John Tyndall (August 2, 1820 – December 4, 1893) was an Irish natural philosopher.
With Charles Darwin and Thomas Huxley his name is inseparably connected with the battle which began in the middle of the 19th century for making the new standpoint of modern science part of the accepted philosophy in general life. For many years, indeed, he came to represent to ordinary Englishmen the typical or ideal professor of physics. His strong, picturesque mode of seizing and expressing things gave him an immense living influence both in speech and writing, and disseminated a popular knowledge of physical science such as had not previously existed. But besides being a true educator, and perhaps the greatest popular teacher of natural philosophy in his generation, he was an earnest and original observer and explorer of nature.

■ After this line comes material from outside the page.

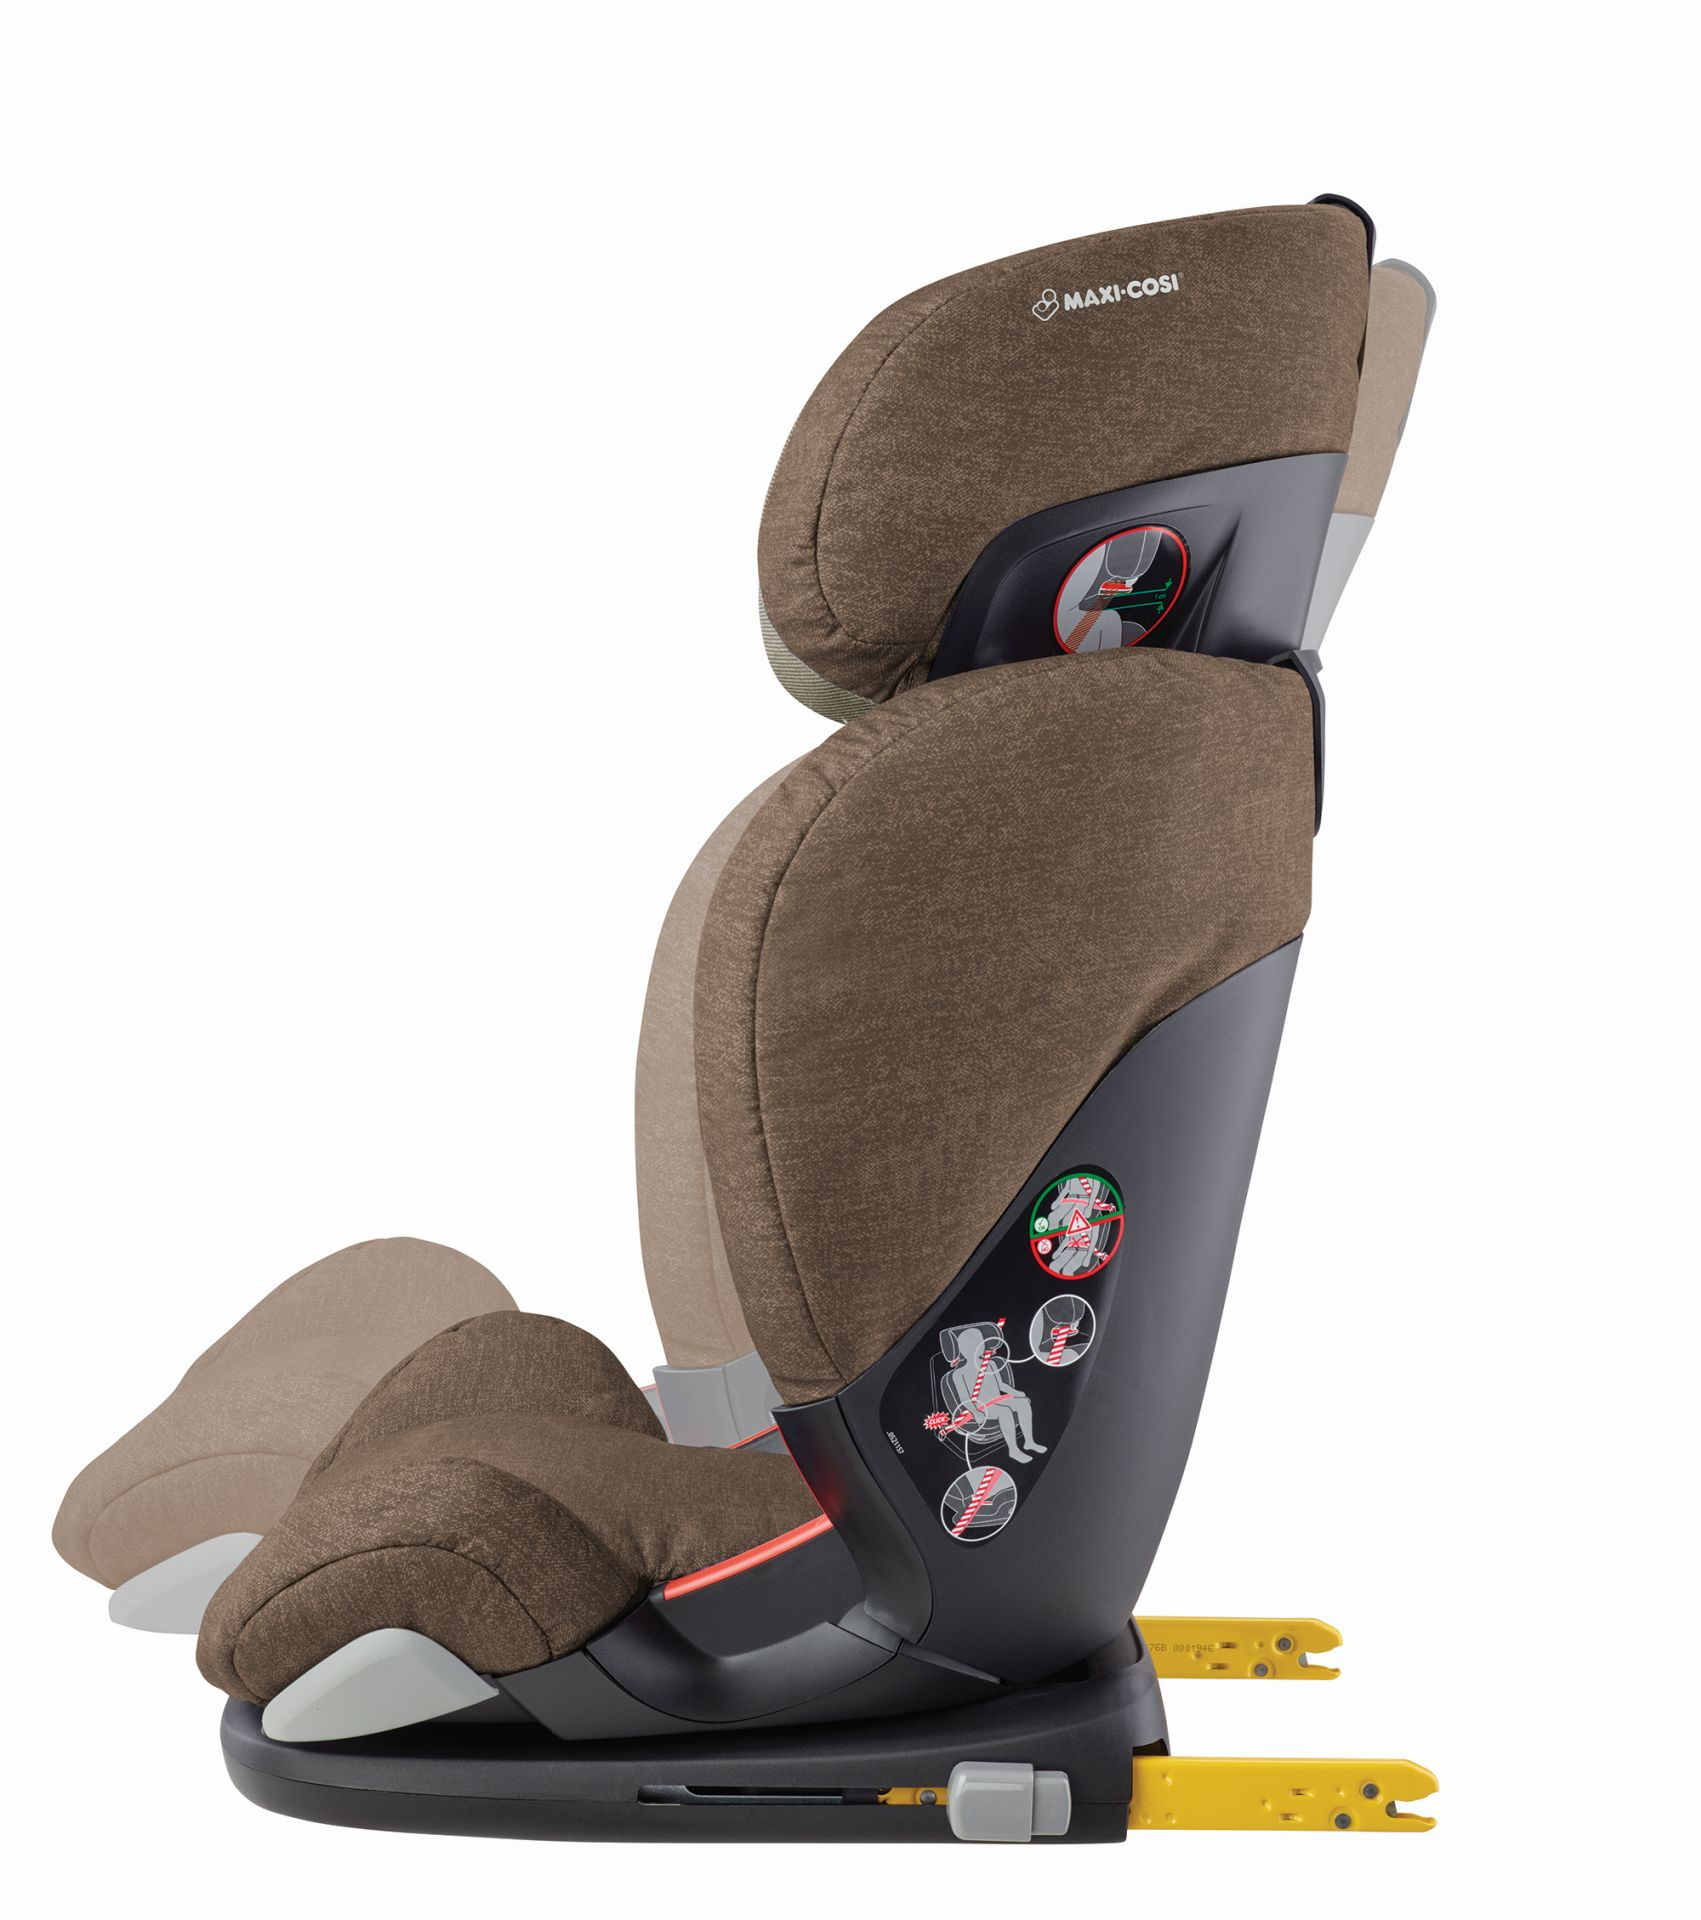 Maxi Cosi Airprotect : maxi cosi child car seat rodifix airprotect 2018 nomad brown buy at kidsroom car seats ~ Watch28wear.com Haus und Dekorationen

Tyndall was to a large extent a self-made man. He had no early advantages, but with indomitable earnestness devoted himself to study, to which he was stimulated by the writings of Carlyle. He passed from a national school in County Carlow to a minor post (1839) in the Irish ordnance survey and then to the English Ordnance Survey (1842), attending Mechanics' Institute lectures at Preston. In 1844 he became a railway engineer, and in 1847 a teacher at Queenwood College, Hampshire. From there, with much spirit and in face of many difficulties, he and his colleague Edward Frankland, attended the University of Marburg (1848-1851), where, by intense application, Tyndall obtained his doctorate in two years. His inaugural dissertation was an essay on screw-surfaces.

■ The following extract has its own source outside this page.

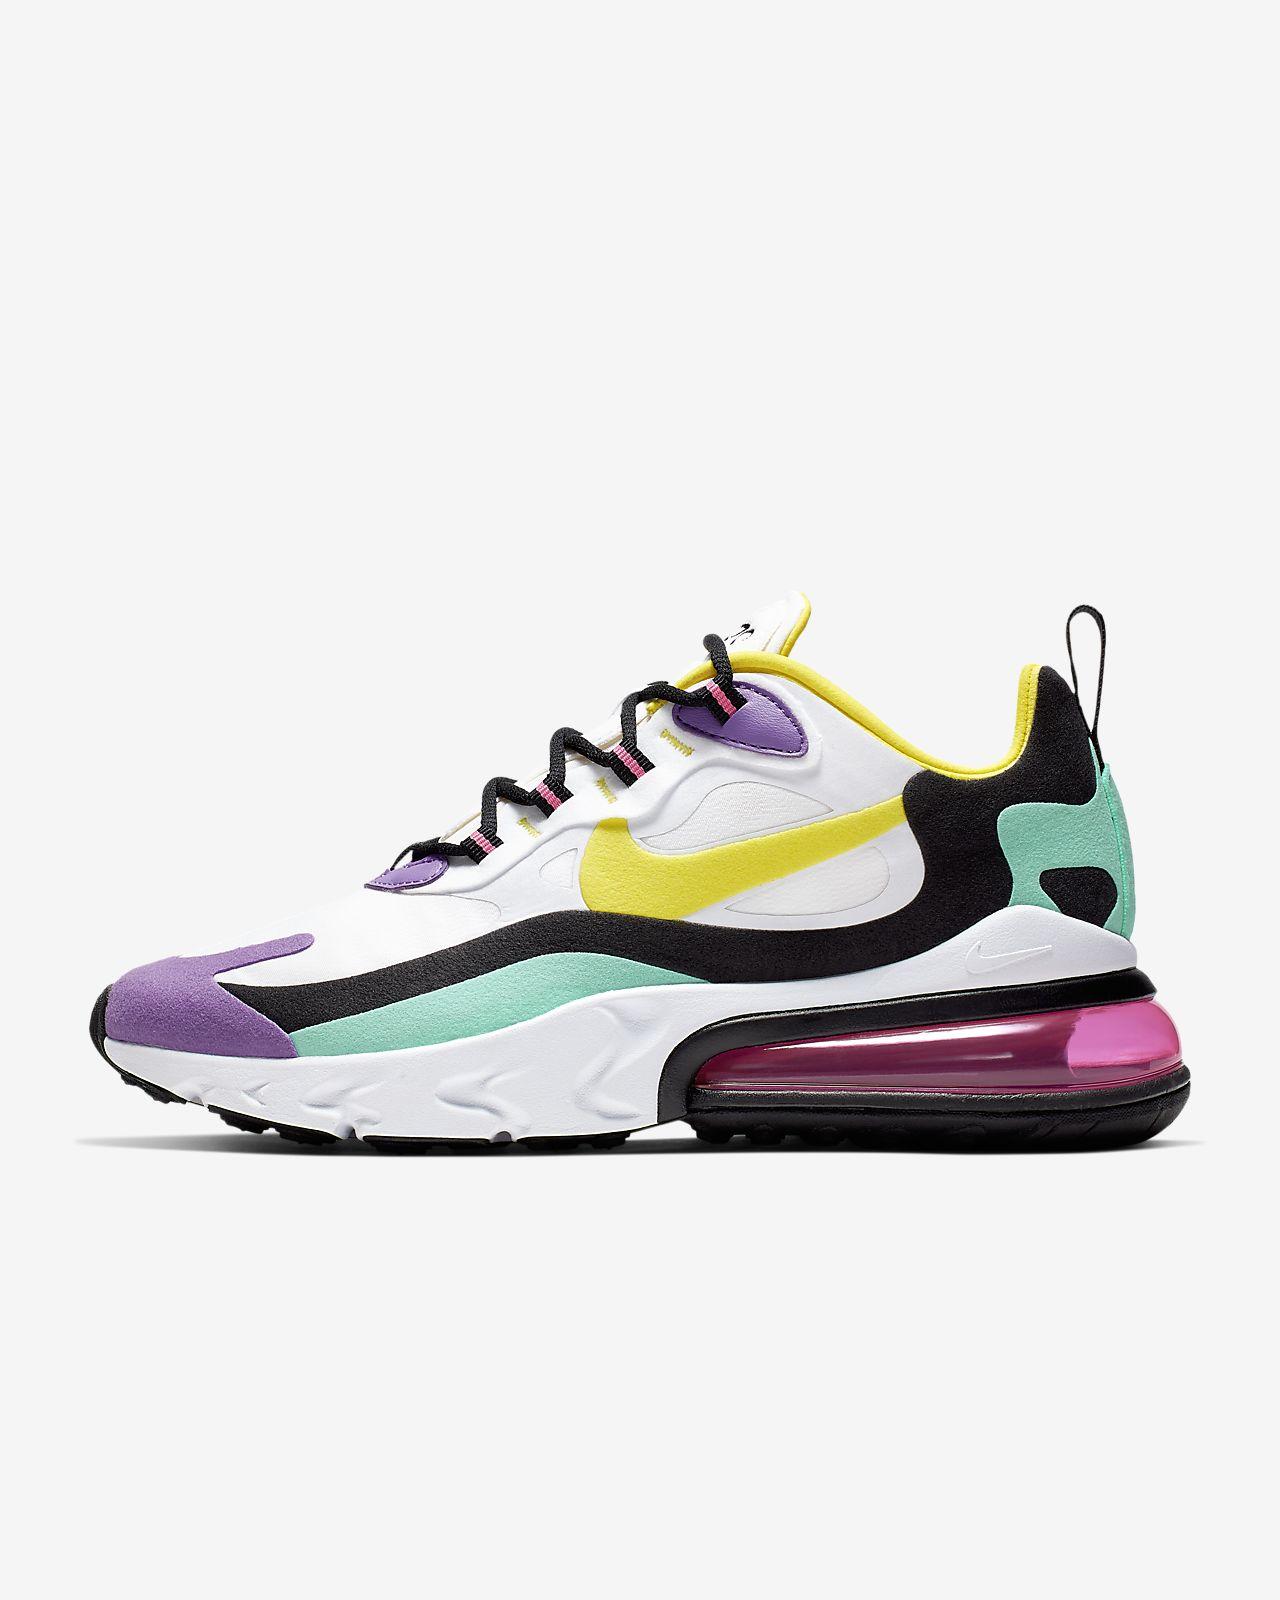 Nike Air Max 270 React (Geometric Abstract) 女鞋

The two young men stood for chairs of physics and natural history respectively, first at Toronto, next at Sydney, but they were in each case unsuccessful. On February 11 1853 however, Tyndall gave, by invitation, a Friday-evening lecture (on "The Influence of Material Aggregation upon the Manifestations of Force") at the Royal Institution, and his public reputation was at once established. He then joined Huxley in running the science section of the Westminster Review and helped to form a group of evolutionists who paved the way for Charles Darwin's 1859 publication of The Origin of Species.
In May 1854 Tyndall was chosen professor of natural philosophy at the Royal Institution, a post that exactly suited his striking gifts and made him a colleague of Faraday whom, in 1866, he succeeded as scientific adviser to Trinity House and the Board of Trade, and, in 1867, as superintendent of the Royal Institution. His reverent attachment to Faraday is recorded in his memorial volume called Faraday as a Discoverer (1868).
In 1854, after the meeting of the British Association in Liverpool, Tyndall took part in a memorable visit to the Penrhyn slate quarries, where the question of "slaty cleavage" arose in his mind, and ultimately led him, with Huxley, to Switzerland to study the phenomena of glaciers of the Alps. Here the mountains seized him, and he became a constant visitor and one of the most intrepid and most resolute of mountaineers and explorers. Among other feats of climbing, he was the first to ascend the Weisshorn (1861). Tyndall climbed to within a few hundred feet of the top of the Matterhorn in 1864, the year before Edward Whymper succeeded. The strong, vigorous, healthiness and enjoyment that permeate the record of his Alpine work are magnificent, and traces of his influence remain in Switzerland to this day.
The problem of the flow of glaciers occupied his attention for years, and his views brought him into acute conflict with others, particularly James David Forbes and James Thomson. Every-one knew that glaciers moved, but the questions were: how they moved, for what reason and by what mechanism. Some thought they slid like solids, others that they flowed like liquids, others that they crawled by alternate expansion and contraction, or by alternate freezing and melting. Others again thought that they broke and mended. Thus there arose a chaos of controversy, illuminated by definite measurements and observations. Tyndall's own summary of the course of research on the subject was as follows:
But while Forbes asserted that ice was viscous, Tyndall denied it, and insisted, as the result of his observations, on the flow being due to fracture and regelation. All agreed that ice flowed as if it were a viscous fluid and James Thomson offered an independent and purely thermodynamic explanation of this apparent viscosity. Tyndall considered Thomson's explanation insufficient to account for the facts he observed but Hermann Helmholtz, in his lecture on "Ice and Glaciers," adopted Thomson's theory, and afterwards added in an appendix that he had come to the conclusion that Tyndall had "assigned the essential and principal cause of glacier motion in referring it to fracture and regelation" (1865).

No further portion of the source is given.